From Publishers Weekly

Author Storlie begins this book of the inner mind seated in the full lotus position. He doesn't get much farther. Recounting a tale that is not quite fiction, not quite fact (he has combined characters and dredged up quotes from 30 years of memories, he tells us in the preface), he leads us through a life spent in the quest of knowledge and bliss-the pursuit of Zen. He starts in Minnesota, journeys out to San Francisco at the peak of Haight-Ashbury and studies under two Zen masters as the years progress, all in an effort to satisfy his thirsty soul. Yet this memoir reads like a Less Than Zero for hippie burnouts. Too much of it is devoted to acid trips, beery nights out in the Bay Area wilderness, a few dabblings with heroin. It dwells on mind games and pointless journeys in the forest, a Walden without a reason for being written. While Storlie says he seeks spiritual attainment, he never tells us why.

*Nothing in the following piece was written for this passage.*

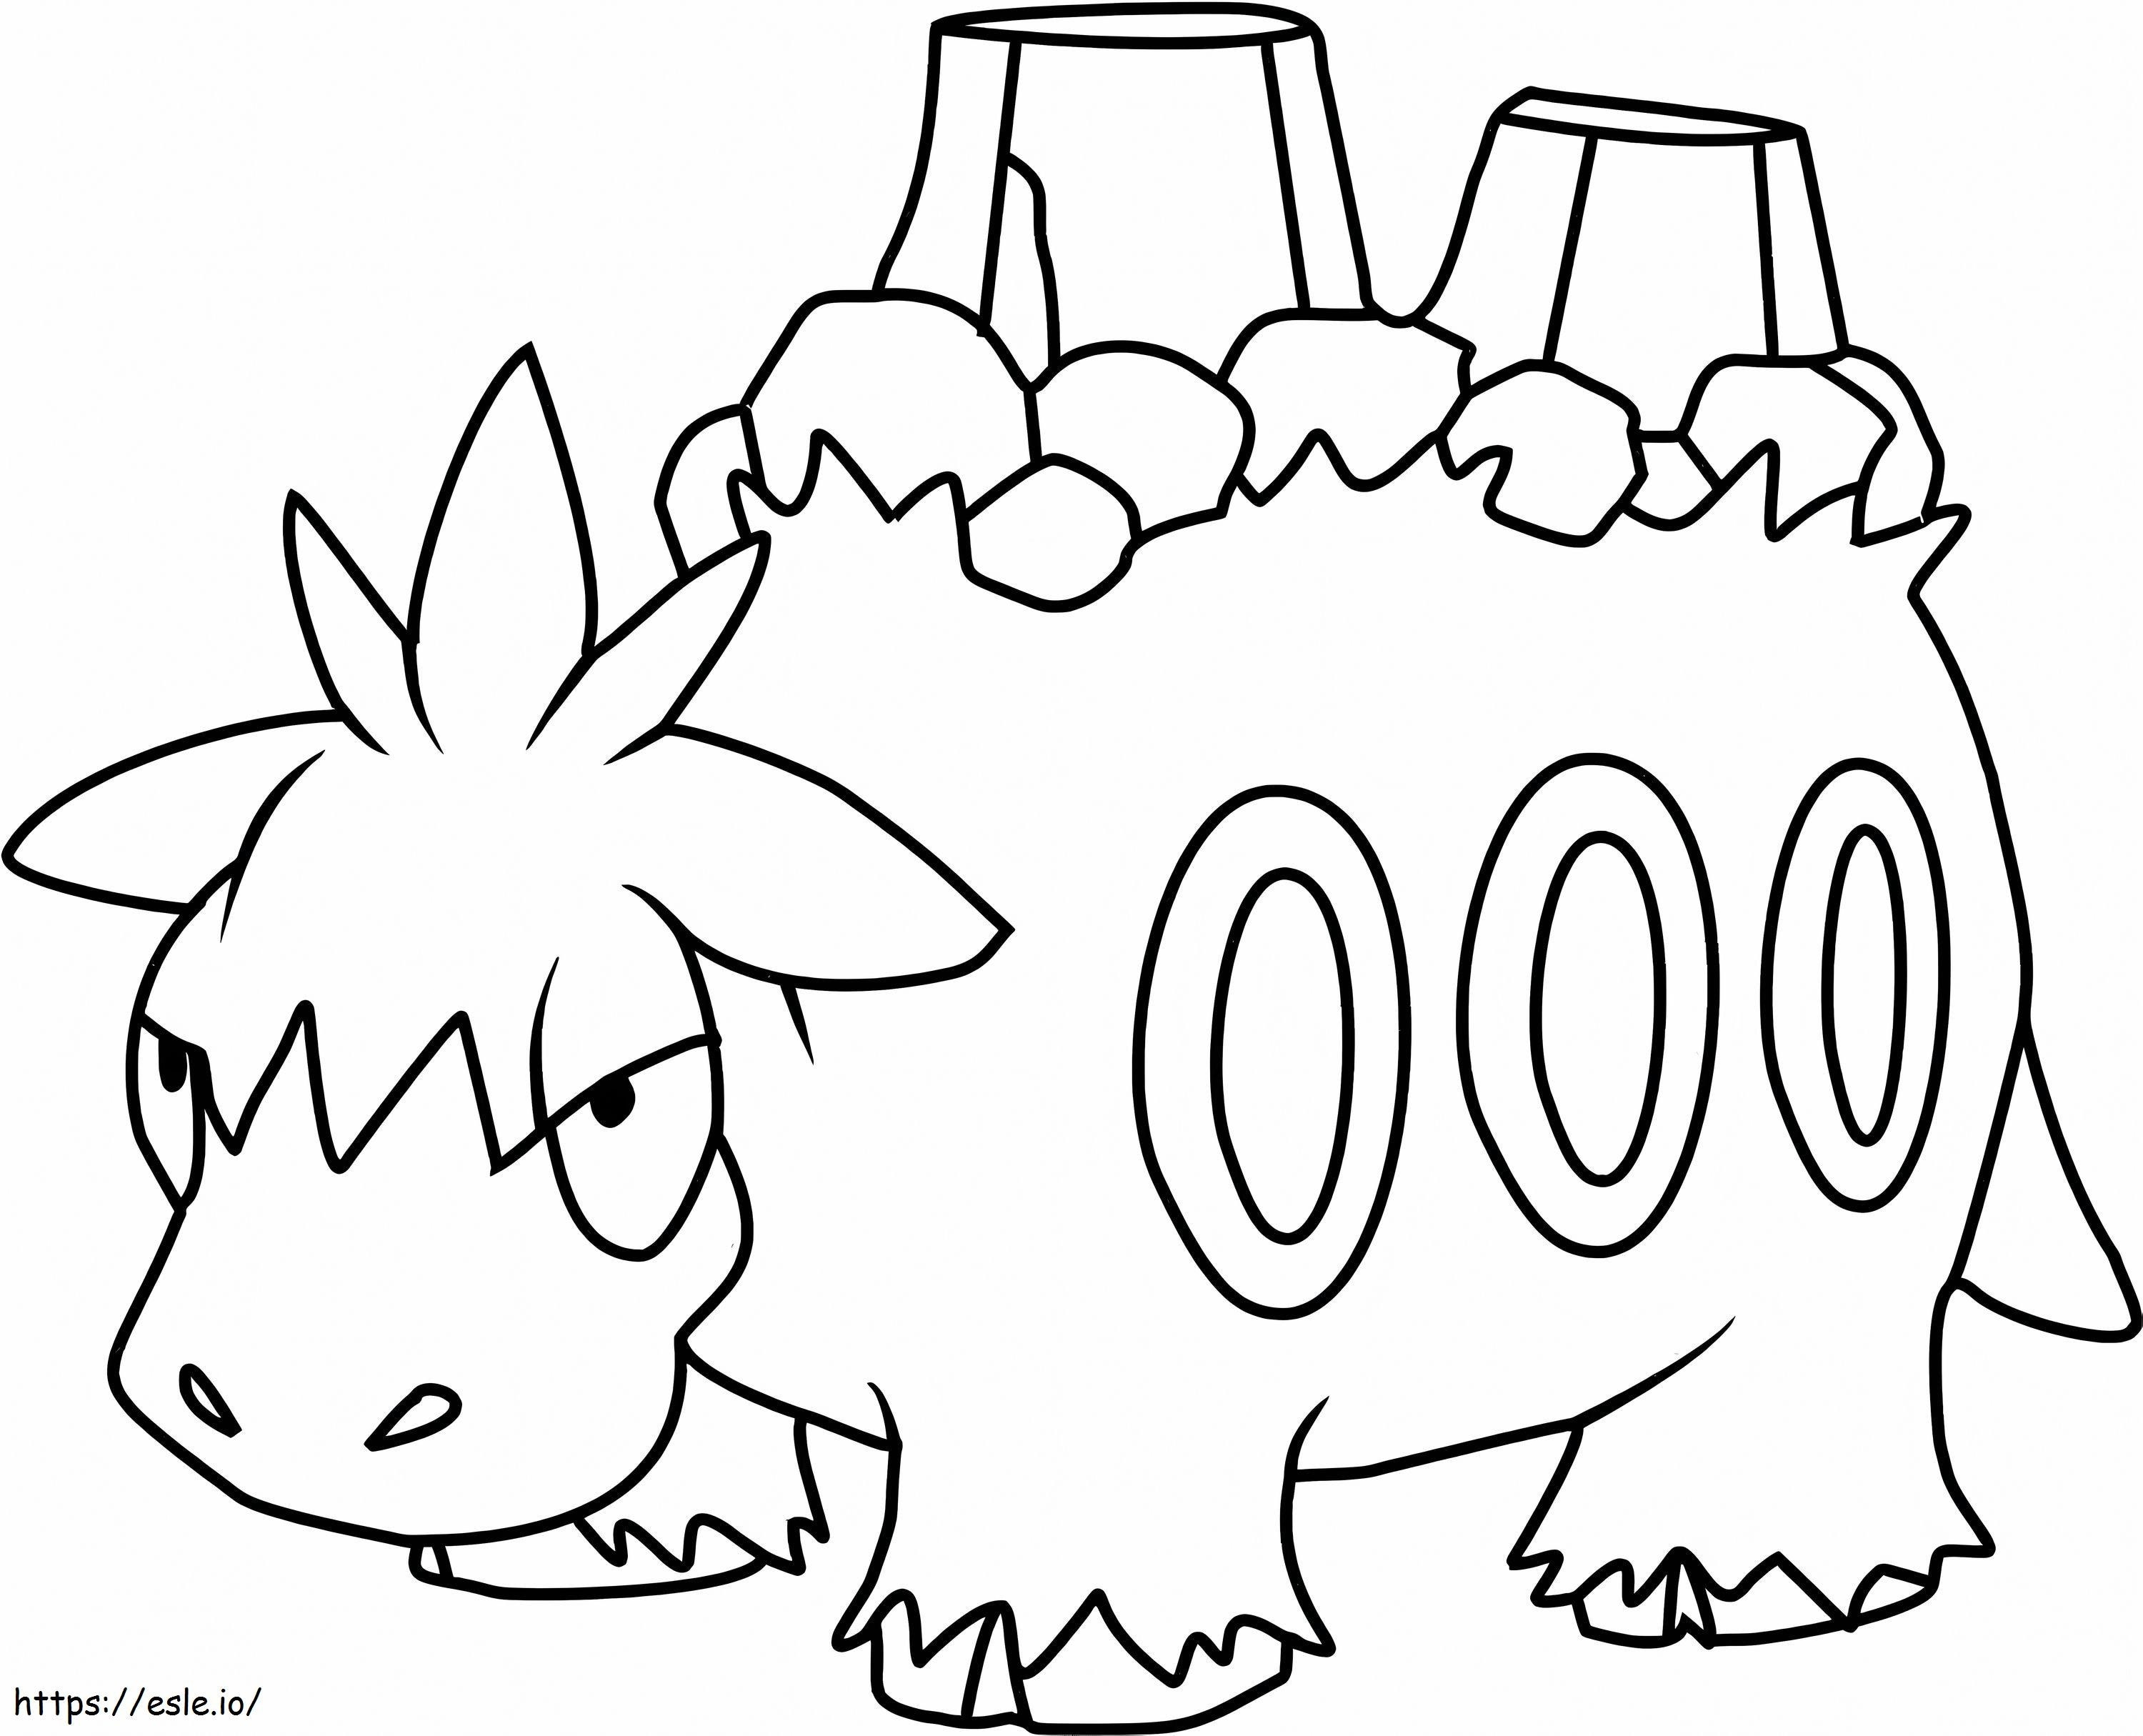 Camerupt coloring page
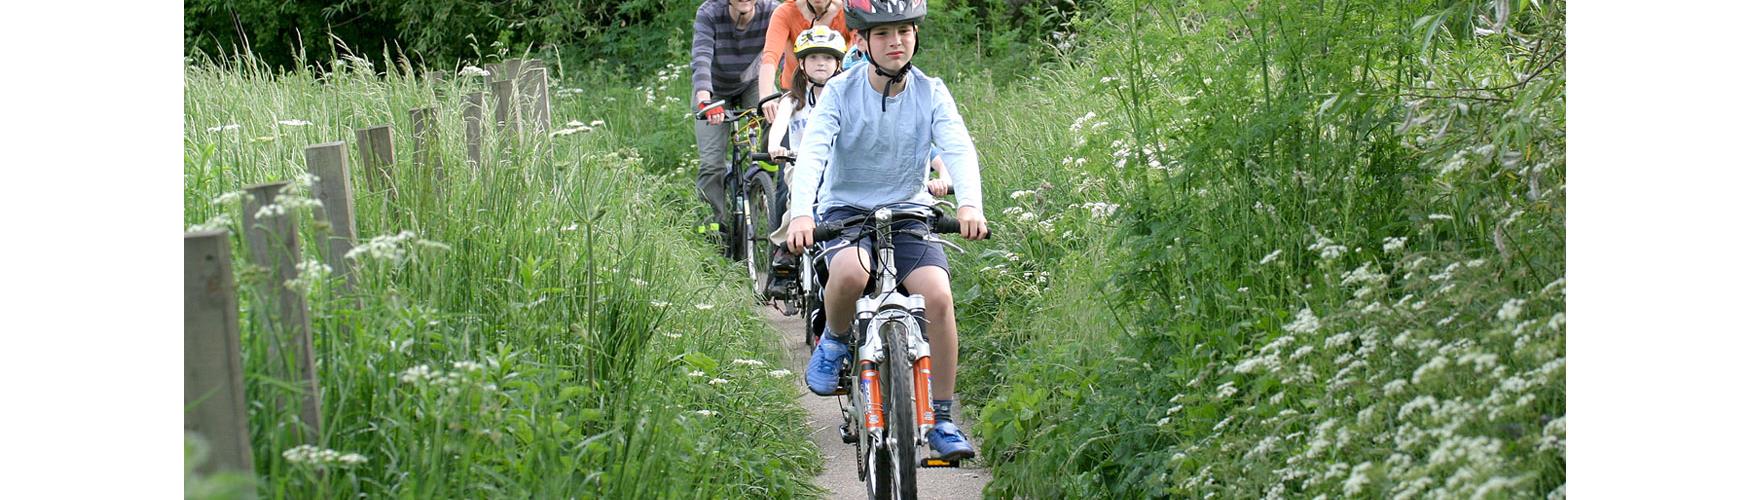 Family cycling in the Cotswolds

Cheering him on as his 1960s hippie friends turn his life into an outtake from Trainspotting (complete with a visit while stoned to Timothy Leary), as he struggles to complete an academic degree, any academic degree, and as he marries and divorces, becomes difficult.
Copyright 1996 Reed Business Information, Inc.

From Library Journal

Storlie, now a professor of English, relays his struggles to obtain his education while being pulled to explore the consciousness-raising milieu of 1960s Berkeley. Fully half of the book is given to descriptions of experimentation with LSD on its own and LSD mixed with Zen meditation. Later, Storlie rejects psychedelics and describes his experiences studying with two Zen masters, Suzuki Roshi and Katagiri Roshi. The chapters of personal history alternate with chapters describing a single day, close to the present, during which Storlie sits in meditation and explores the wilderness of the Flute Reed Mountains. While heartfelt, these chapters become somewhat tedious. The descriptions of working with the two Zen masters and life in the respective communities will be of interest to American Zen practitioners, but for most collections there are other titles that offer more compelling reading, notably Lawrence Shainberg's Ambivalent Zen (LJ 12/95).?Mark Woodhouse, Elmira Coll. Lib., N.Y.
Copyright 1996 Reed Business Information, Inc.

From Booklist

Storlie chronicles his quest for enlightenment in this gripping "spiritual memoir." His story begins in Berkeley during the early 1960s when he worked his way rapidly up the drug chain from marijuana to peyote and LSD. He ultimately committed himself to Timothy Leary's version of "psychedelic yoga," a rigorous program of dropping acid and performing zazen (sitting meditation). This risky but intense practice came to a suitably dramatic end after Storlie experienced a gruelingly bad trip in the presence of none other than the guru himself. Storlie abandoned acid, purified his Zen practice, and began to study first with the renowned Suzuki Roshi, then, after his death, with Katagiri Roshi. Storlie relates the often hair-raising, sometimes funny, and always fascinating events of his spiritual life with a disarming matter-of-factness, alternating sharp memories of the past with a description of a present-day zazen session up in his beloved mountain retreat. Storlie's account enhances our understanding of the practice of Zen in America, which is proving to be enduring and significant. Donna Seaman

About the Author

Erik Fraser Storlie has been a student of Zen for almost thirty years and was one of the founders of the Minnesota Zen Mediation Center in Minneapolis. He teaches English and humanities at Minneapolis Community College.